Enough. The claustrophobia is ratcheting up my levels of irritation and grumpiness to danger levels and if one more little old lady steps in front of me and jabs her elbows into my paunch I‘m going to pick her up and drop kick her into Trafalgar Square. It’s time to give up and get some fresh air.
So, deep breaths on the short walk to the ICA (one of whose founders was Lee Miller’s husband Sir Roland Penrose, or Rissole and Rose Pen as we used to call him when I was a schoolboy). As usual it’s another demanding exhibition, this time a one-person show from Prem Sahib. Apparently he is an artist who, ‘explores themes relating to intimacy, sexuality, relationships, desire and community in relation to public and personal spaces’. For a show that’s all about relating I confess that I’m having a hard job relating to any of it: the neatly tiled archways; the puffa jackets compressed between sheets of glass; the polished bronze dolphin pushed into a pillow; the blank yellow canvas. I fear that it’s just all too profound for me although the Goya experience has put me in such a grumbling mood that I may well be doing it an justice.
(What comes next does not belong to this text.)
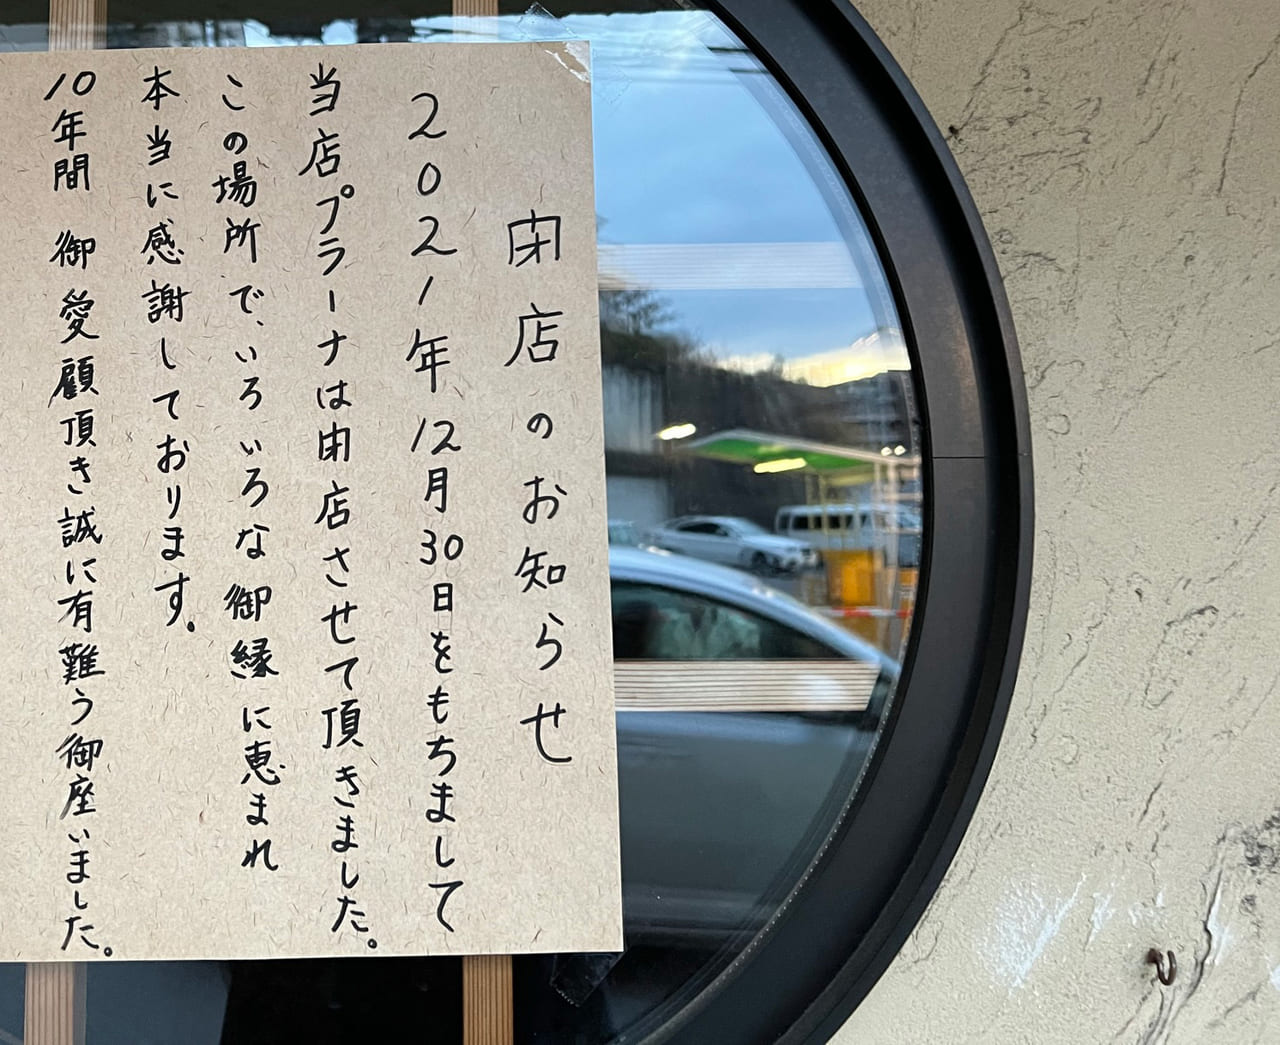 奈良市 菖蒲池の超人気インドカレー店 プラーナ さんが12月30日に閉店されました 号外net 奈良市

Exasperated, I head for a drink at Waterstones Piccadilly but the cocktail lounge on fifth floor looks too sophisticated for an afternoon can of coke and the basement café selection of organic pear juice or apple and beetroot cordial looks just too twee for me. So, on to Pret and, in a spirit of adventure, I decide to try out the lemon cheesecake. It’s good but needs a bit more crushed biscuit to offset the fearsome piquancy of the lemon syrupy goo that shines forth as bright as Lee Miller’s locks in the Picasso’s portrait and is almost sharp enough to generate the tears as well.